Outside, the project design includes walking trails, bikeways, passive park space and an outdoor amphitheater in between the library and auditorium. The two buildings will be built to complement each other.
“This central space will create a synergy between both facilities weaving them together as part of the greater whole,” Evans said. “This courtyard will include landscaping, water features, and a hardscape to provide an experience the community can enjoy, and one that is certain to become a focal point and destination.”
Like Mathis Auditorium, the existing library has served the community well in its time, but technological advances and the expansion of Valdosta through the years has left the building dated and too small, Goddard said.
“Our community has grown, and it’s difficult for the existing library now to meet all the needs of citizens,” Goddard said. “They could easily use more terminals, more parking; people will frequently drive around the library two, three times to find a parking space.”

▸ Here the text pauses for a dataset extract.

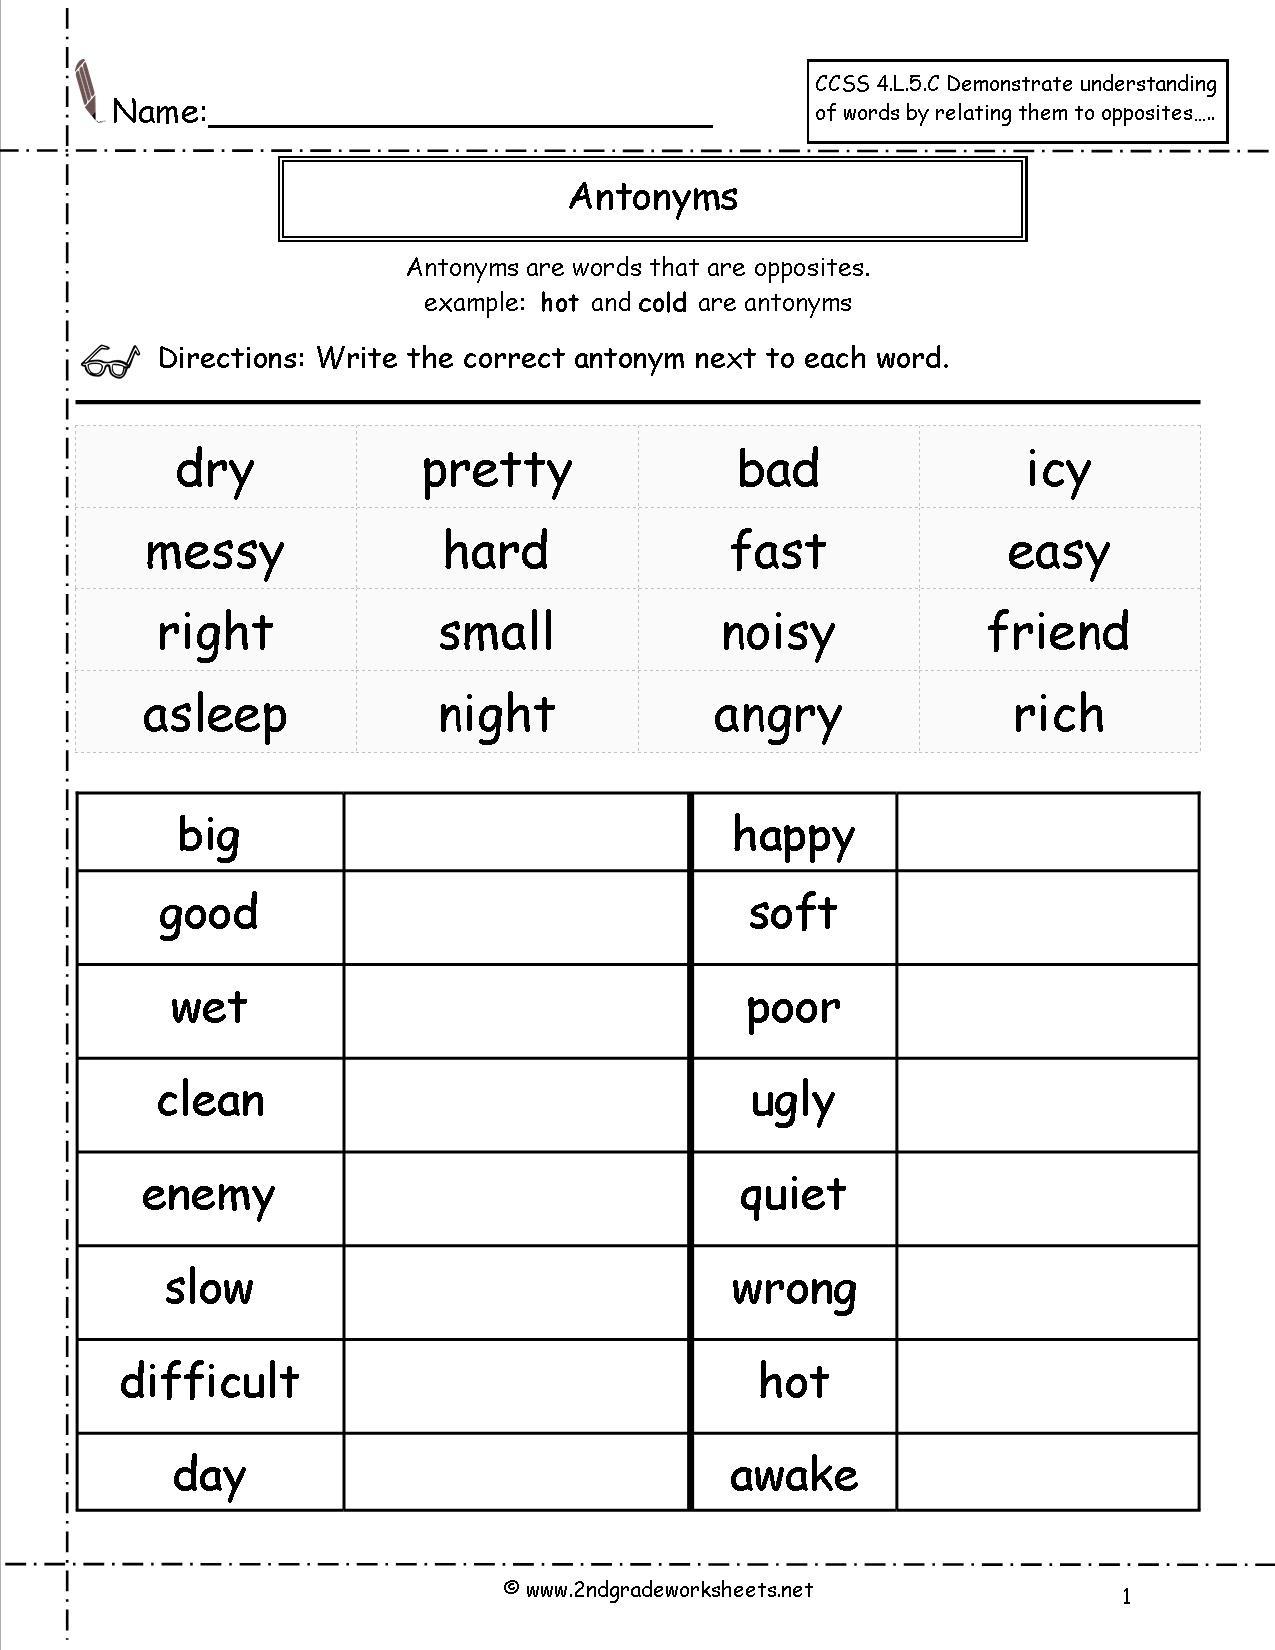 Free Language/grammar Worksheets And Printouts - Daily Language Review Grade 5 Free Printable

The State Library Board claims that for a community of Valdosta’s size and the number of communities the library serves, Valdosta’s library should be double the size it is now, Goddard said. The current library is “teeming with people,” he said.
If SPLOST VII is voted down, there is little hope for the project.
“It’s not a new tax,” Goddard said. “It’s a continuation of SPLOST VI. I look at it more as an investment in our community and keeping the community vital and vibrant and relevant for our citizens.”